# AAE Max Stealth Vanes for 3D Arrows?



## Arrowslinger41 (Feb 11, 2005)

Recently bought a pack of the AAE Max Stealth vanes for my hunting arrows but I was wondering if anyone uses them on their 3D shafts? I'm planning on shooting a GT X-Cutter's this year. What's everybody's thoughts on these vanes?


----------



## Planner (Jan 31, 2016)

Great vanes, give them a go.











Sent from my iPad using Tapatalk


----------



## Planner (Jan 31, 2016)

Pink and black Maximas will be my 3D arrow this year. 
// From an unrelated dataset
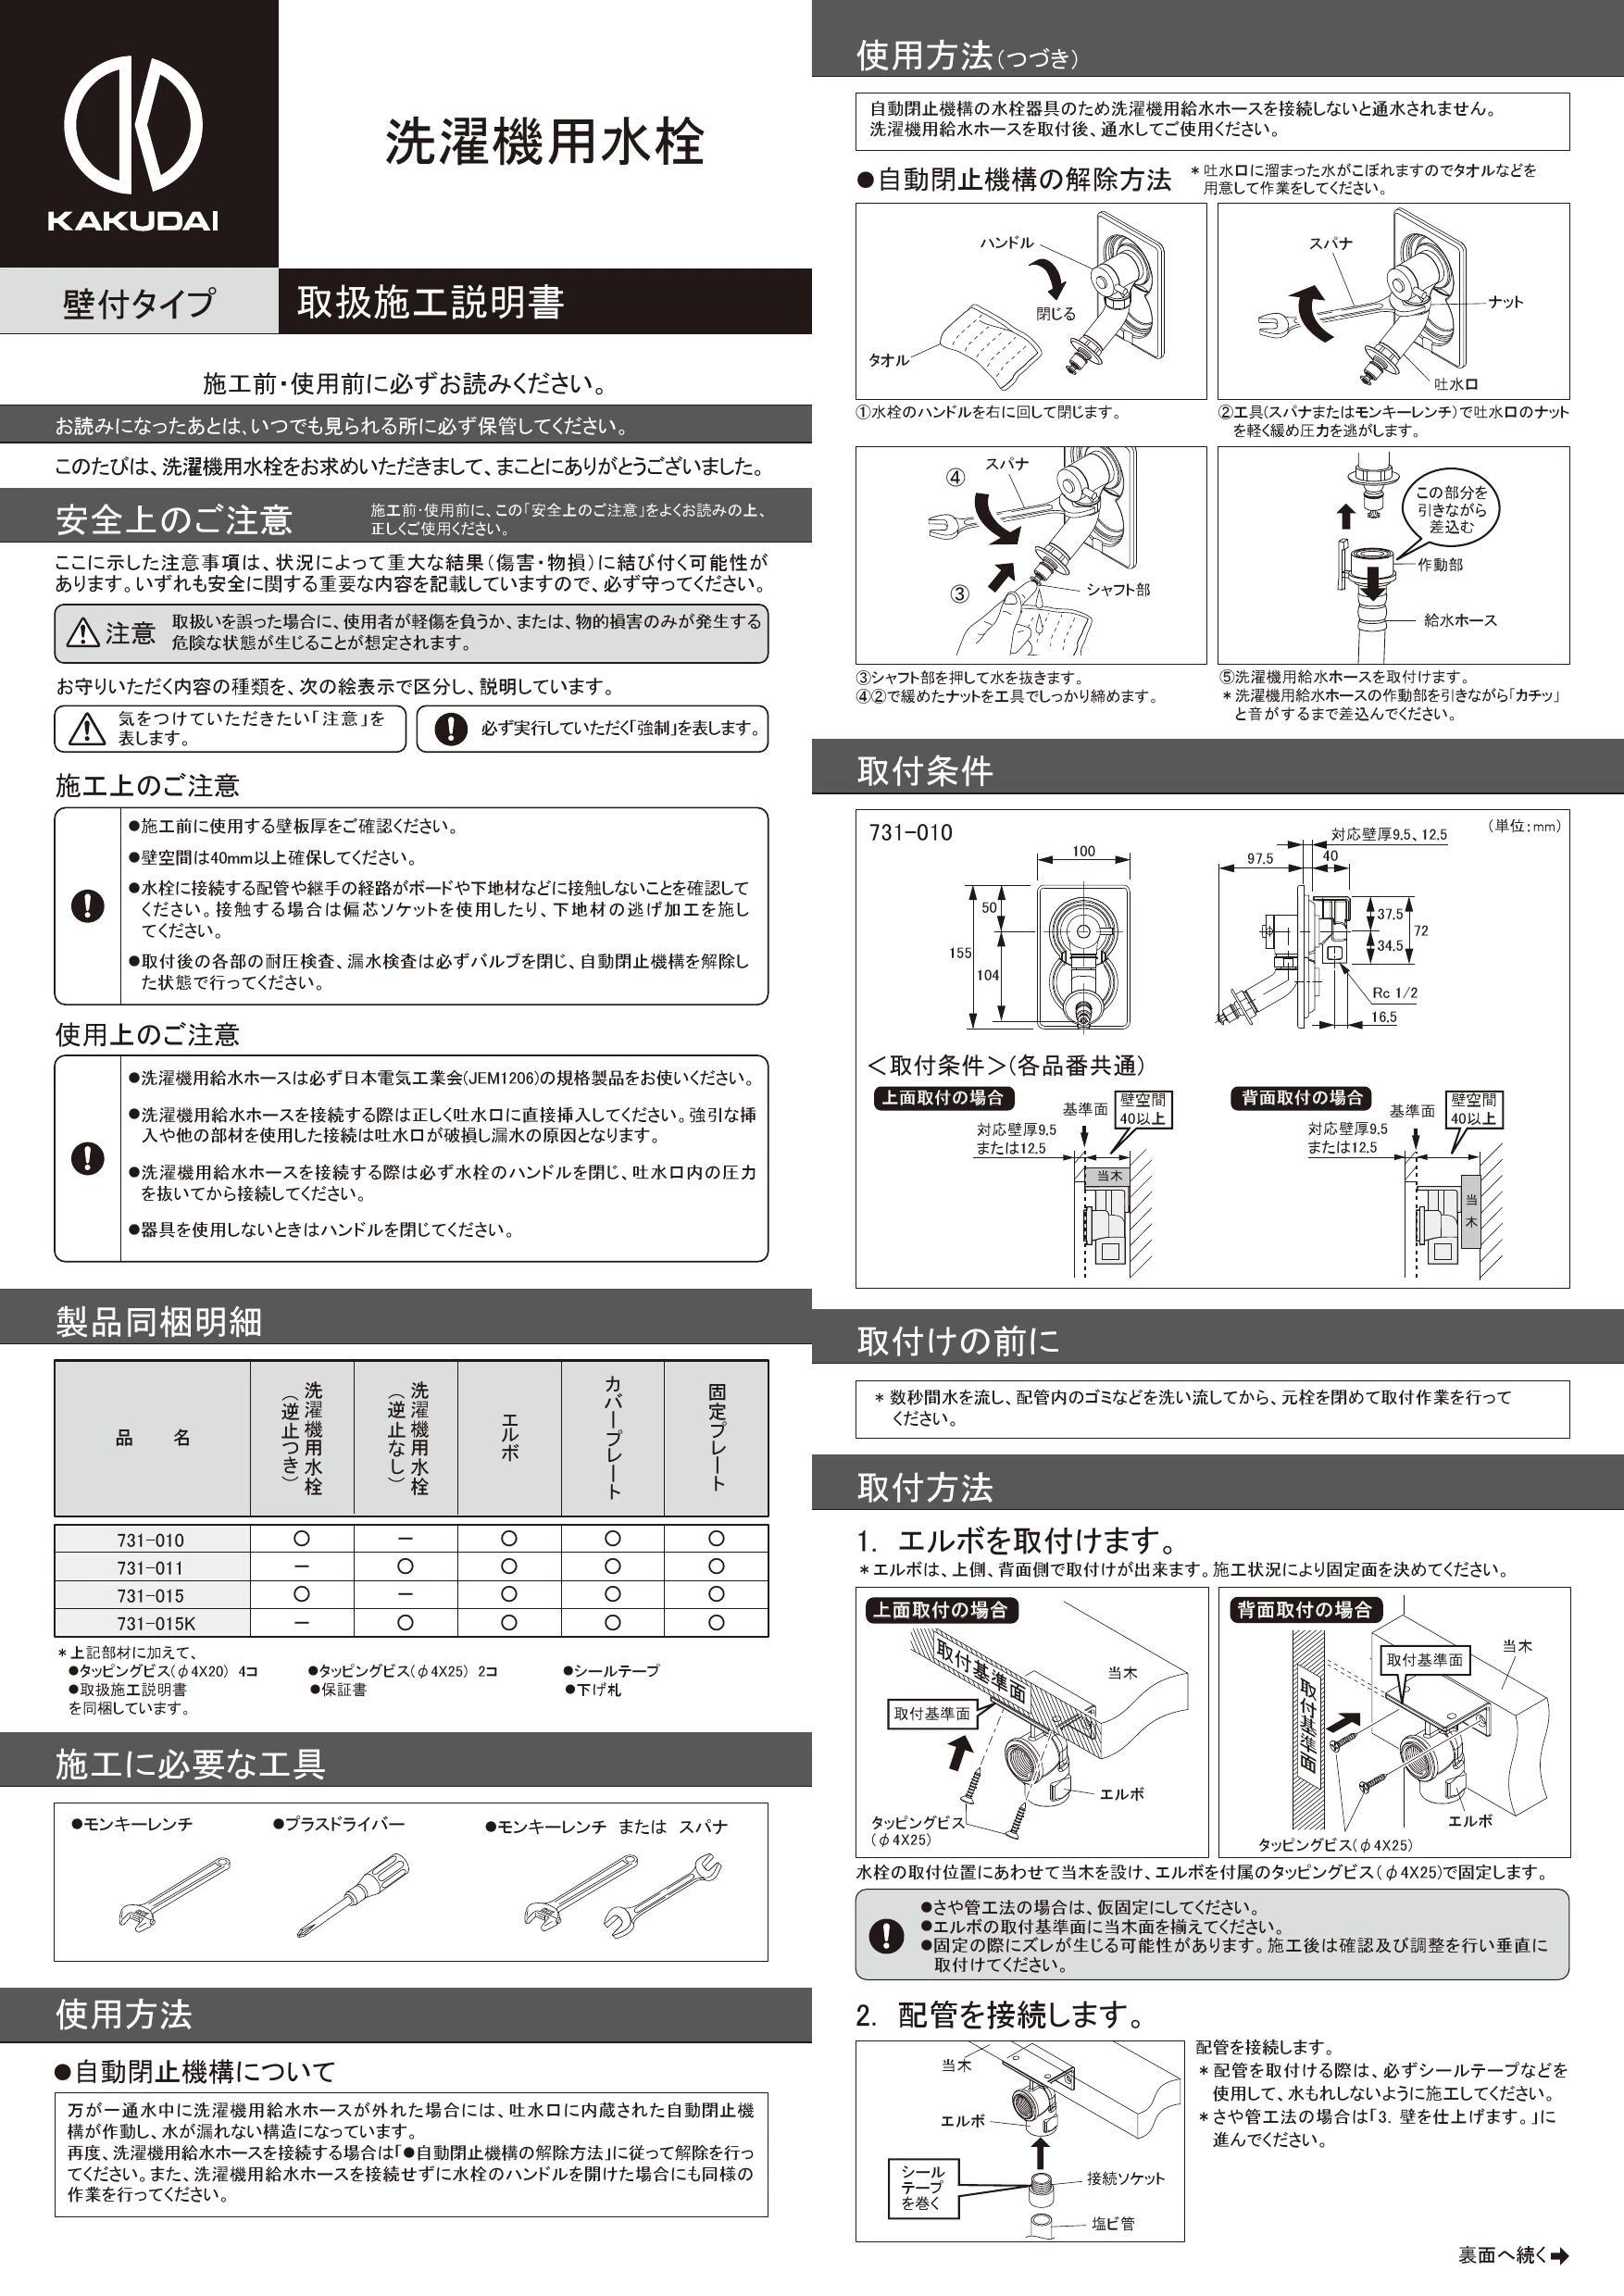 カクダイ 731-010取扱説明書 商品図面 | 通販 プロストア ダイレクト

Sent from my iPad using Tapatalk


----------



## TN ARCHER (Jan 31, 2007)

I have used the EP 23's on my X cutters for a long time. Best vane and arrow combo I've ever used for 3-D. But.... I may have to give these Max stealth vanes a try!


----------



## XToppX (Feb 21, 2018)

I'll be running the max stealth vanes on the xcutters this year for 3d.im very excited to get on the course to try them out my self!


----------



## TN ARCHER (Jan 31, 2007)

Yep.... been running the AAE Max Stealth vanes for a few weeks now on my x-cutters and really like a lot. I recommend them for sure!


----------